All of the artifacts were found to be more than 14,000 years old, with one stone knife coming in at 14,550 years old. Although that predates the Clovis people by more than 1,000 years, it's not the only pre-Clovis archaeological site that dates to around that time and the genetic data suggests that people started spreading south into the Americas some 16,000 years ago.
Still, says co-principal investigator Michael Waters, confirming this site "adds another important data point to our story of the first Americans."
And, it expands this early human presence to a fresh region.
"Page Ladson is, without a doubt, the best documented Paleoindian site in the southeast," Dr. Anderson says.
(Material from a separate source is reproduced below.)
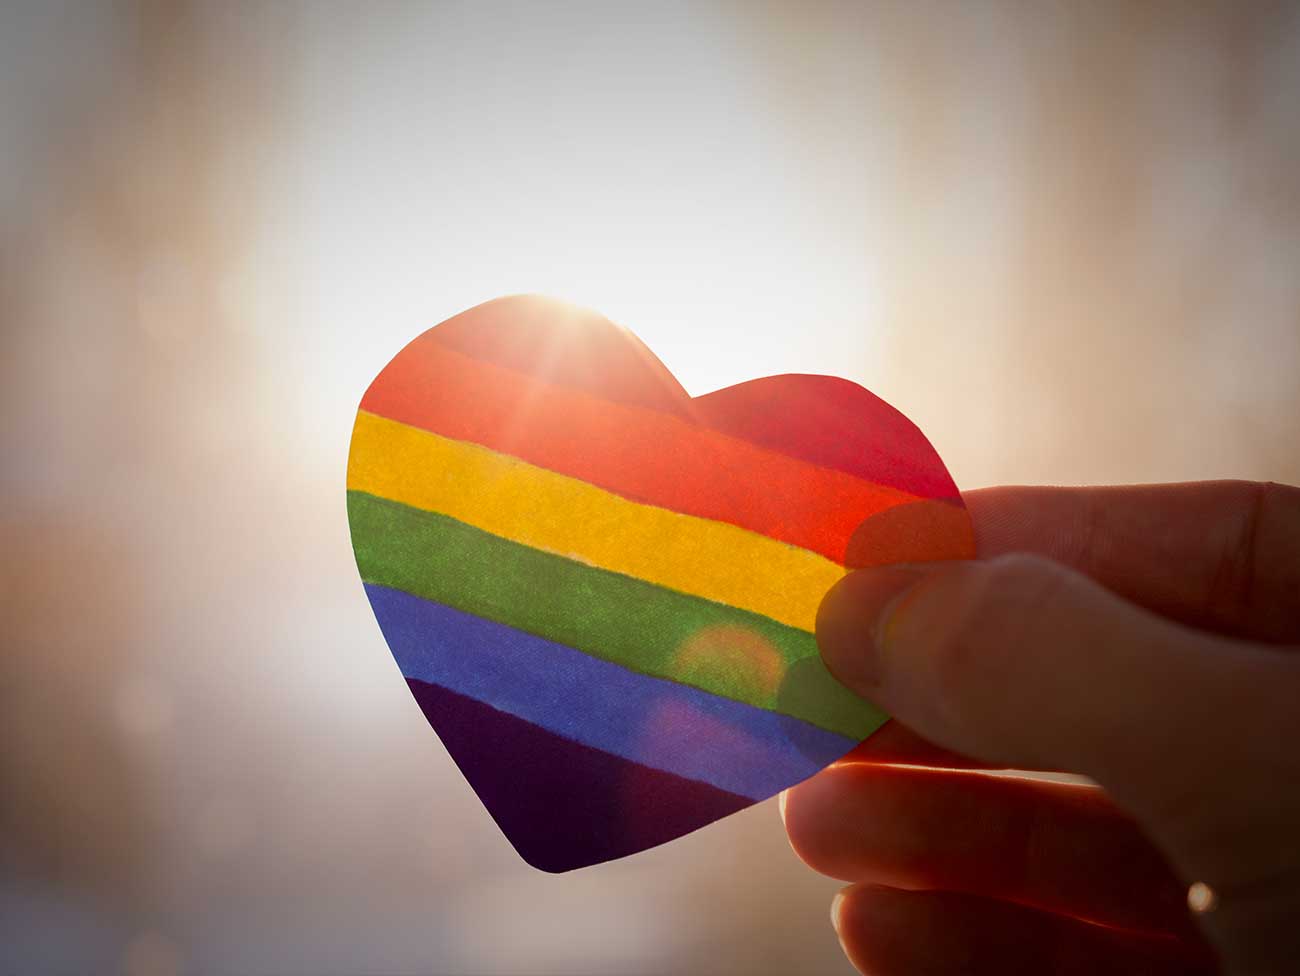 Hand holding a rainbow heart

The dung found in the new investigation both helped the researchers date the sediment layers in which artifacts were found and yielded new insights into the mysterious demise of the mastodon.
"When mastodons and other large bodied herbivores were abundant, so was their dung," study co-author Daniel Fisher, director of the Museum of Paleontology at the University of Michigan, said in the press conference. But the dung wasn't the only thing of abundance: a fungus that grew on it was, too.
So the team hunted through the underwater sediment layers for the spores of that fungus as evidence of mastodon presence.
"The concentration of these spores within sediment layers drops dramatically about 2,000 years after the time of the Page-Ladson mastodon, suggesting that this is when the dung of large herbivores finally became too rare for the dung fungus to persist," Dr. Fisher says.
The implication of these findings is that mastodons, and perhaps other megafauna, didn't go extinct until at least 2,000 years after humans arrived on the landscape.
Still, that doesn't confirm if humans hunted the megafauna to extinction as some suggest. Perhaps humans played a role, or perhaps it was climate, as others have suggested.
And the team isn't even sure the mastodon bones found at Page-Ladson come from animals hunted by these prehistoric Americans. "We have many of the bones of the mastodon but we don't have an unambiguous spear point found embedded in the rib area of the mastodon or anything like that," Halligan says.
The reanalysis of the cut marks on the mastodon tusk also appear to come from the process of removing the tusk after the animal died. So, says Dr. Fisher, "hunting versus scavenging is just not something we can distinguish yet for this particular individual."